To ensure it does, I have taken to wearing my Schutzstaffel epaulettes everywhere.
posted by tumid dahlia at 8:46 PM on April 2, 2012 [1 favorite]


Wow. That was his first novel. I wouldn't have guessed that when I read it.
posted by RandlePatrickMcMurphy at 7:22 AM on April 3, 2012


Wow. That was his first novel. I wouldn't have guessed that when I read it.

He had written a lot of journalism previously, including several non-fiction books before though... and according to the interview did not exactly find it easy. Still, he does seem a bit of a natural.
posted by fearfulsymmetry at 8:02 AM on April 3, 2012


A young African-American man came up to me and said, "Excuse me: are you *really* standing there reading a *book* with a *SWASTIKA* on the cover?"

That's as nothing. The author's future brother-in-law Nick Hornby visited Harris' apartment when he was starting out work on Fatherland and had to politely ignore a whole bunch of Nazi books and regalia.
posted by IndigoJones at 1:17 PM on April 3, 2012 [1 favorite]

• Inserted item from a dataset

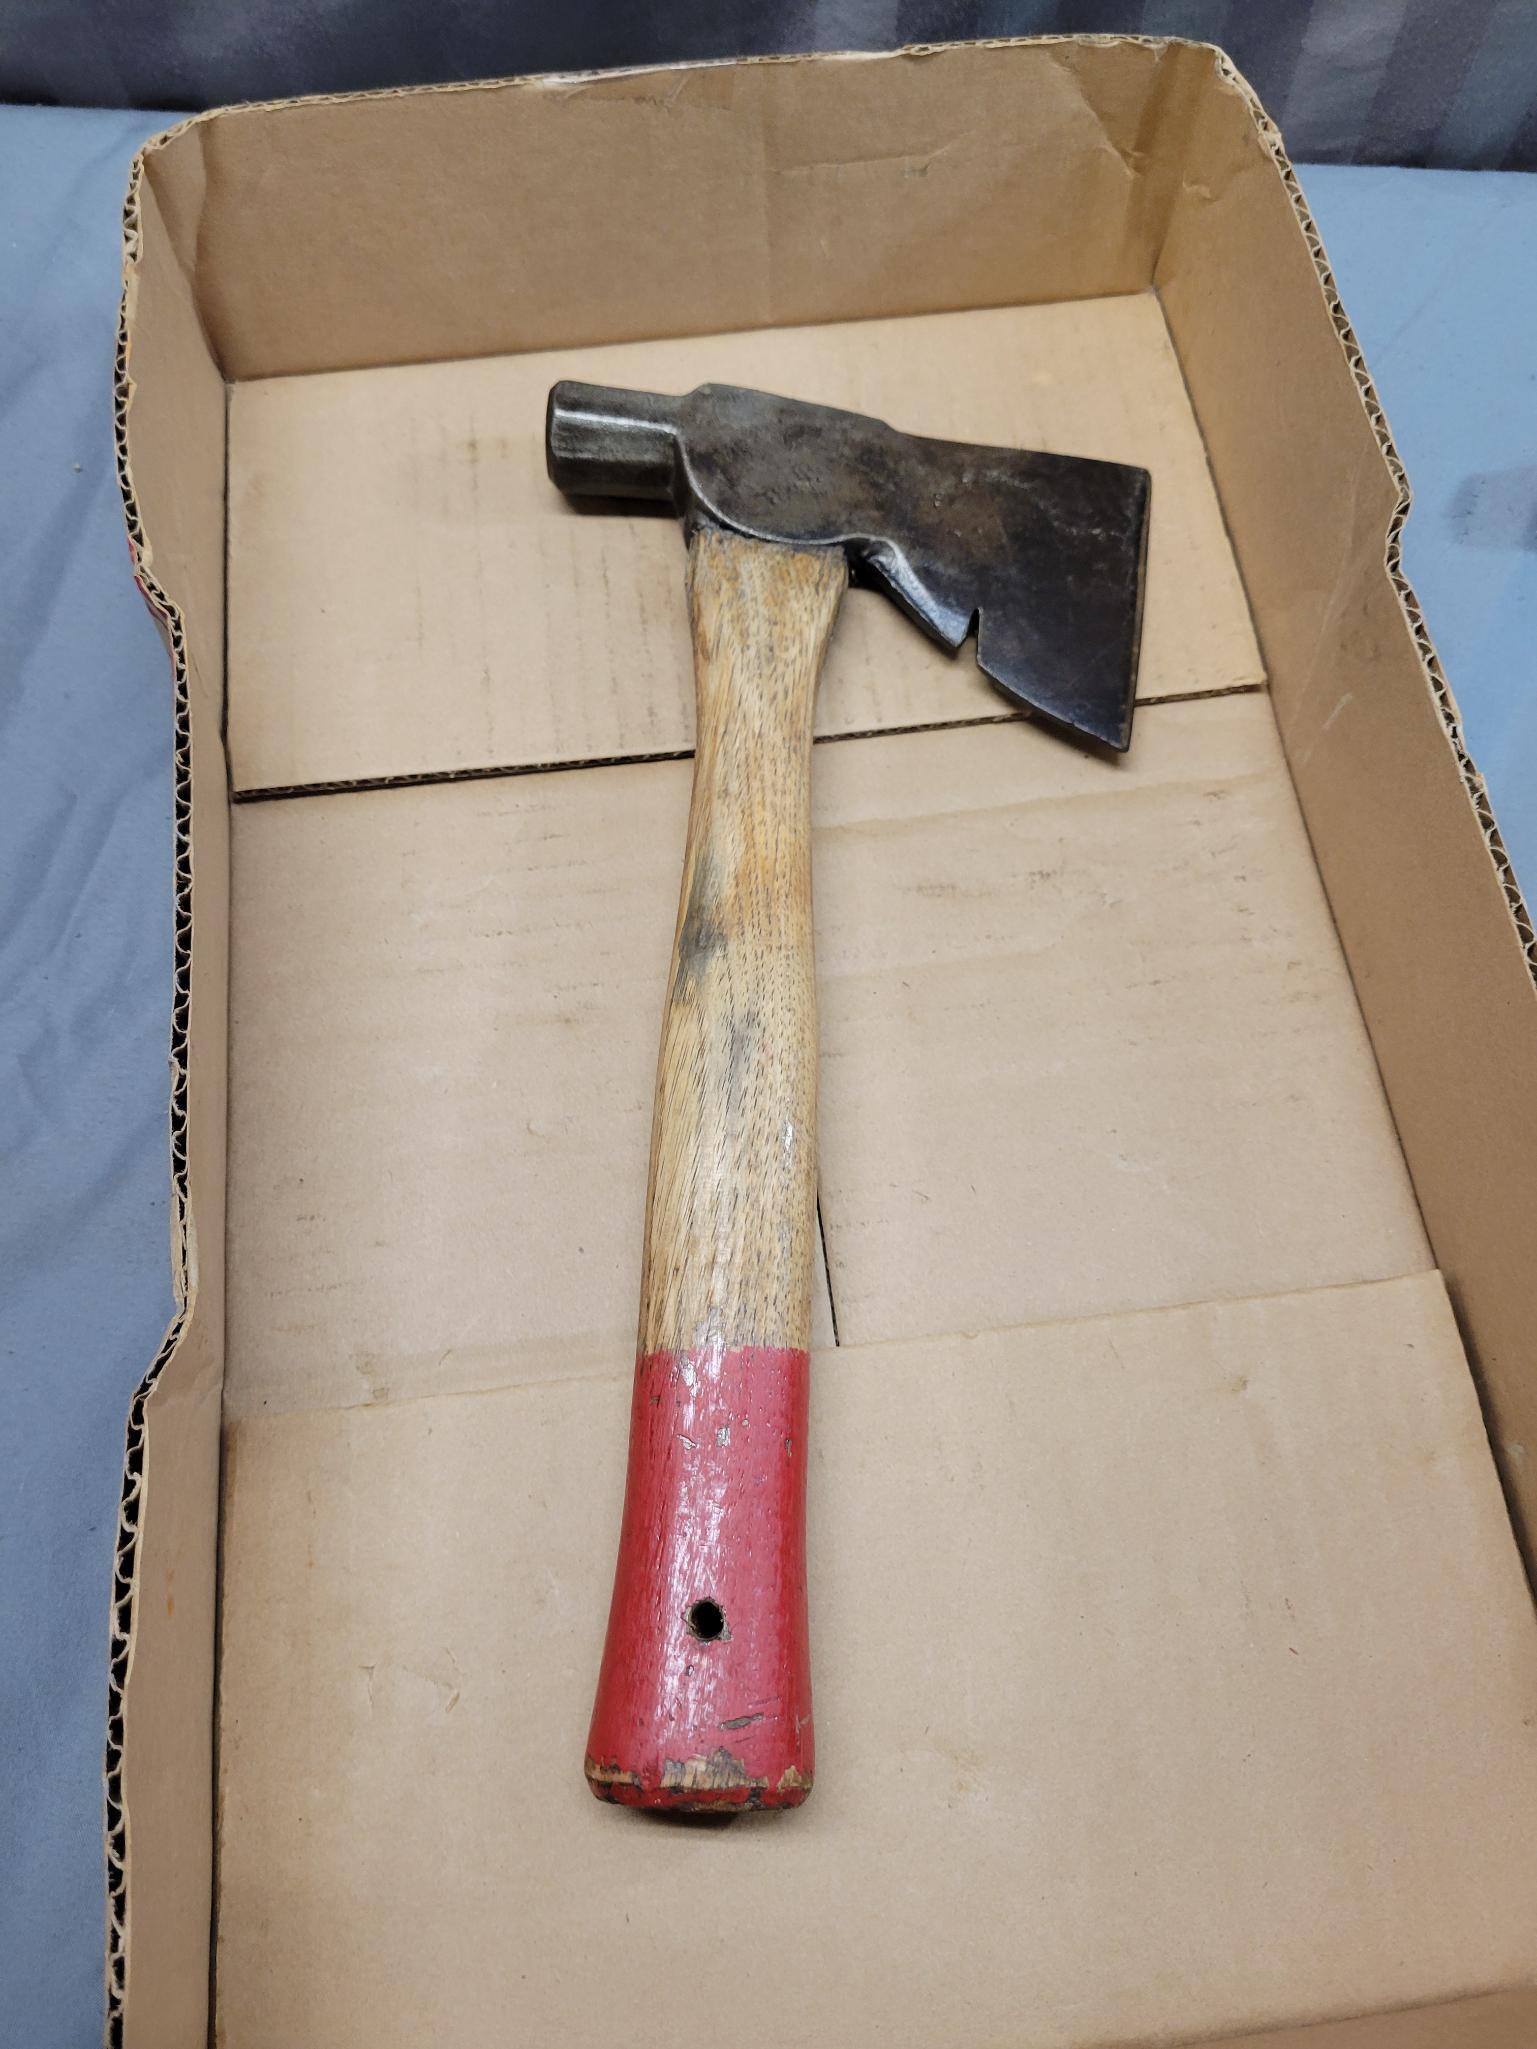 3 Hammer Hatchets, one Kelly Axe, one True Temper, and one unmarked that has been repaired

That's as nothing, Indigo Jones. Someone I know, let's call him George, had a card-carrying Nazi for a roommate in university (this was at UBC in the seventies). The guy had a Nazi uniform in the closet and a big swastika dividing one half of the room from another. And George is Jewish. It lasted four weeks. George was so scarred by the experience that he never had another roommate — he lived alone until he got married.
posted by orange swan at 7:31 PM on April 3, 2012


Picked up Enigma just now, only a few pages in but it seems like a bit of a rip-snorter. I think I might have found a new thriller writer I enjoy (alongside Ken Follett - it just seems that the Brits do everything better, plus I don't have to keep track of which side of the road a car is on and how come he's looking out the left window and, ugh). Cheers, fearfulsymmetry!
posted by tumid dahlia at 7:52 PM on April 3, 2012


I had a roommate once who would have suited George.
posted by IndigoJones at 4:35 AM on April 4, 2012


Sorry, who would have suited George's four week roommate. I lasted four months only because I had no choice.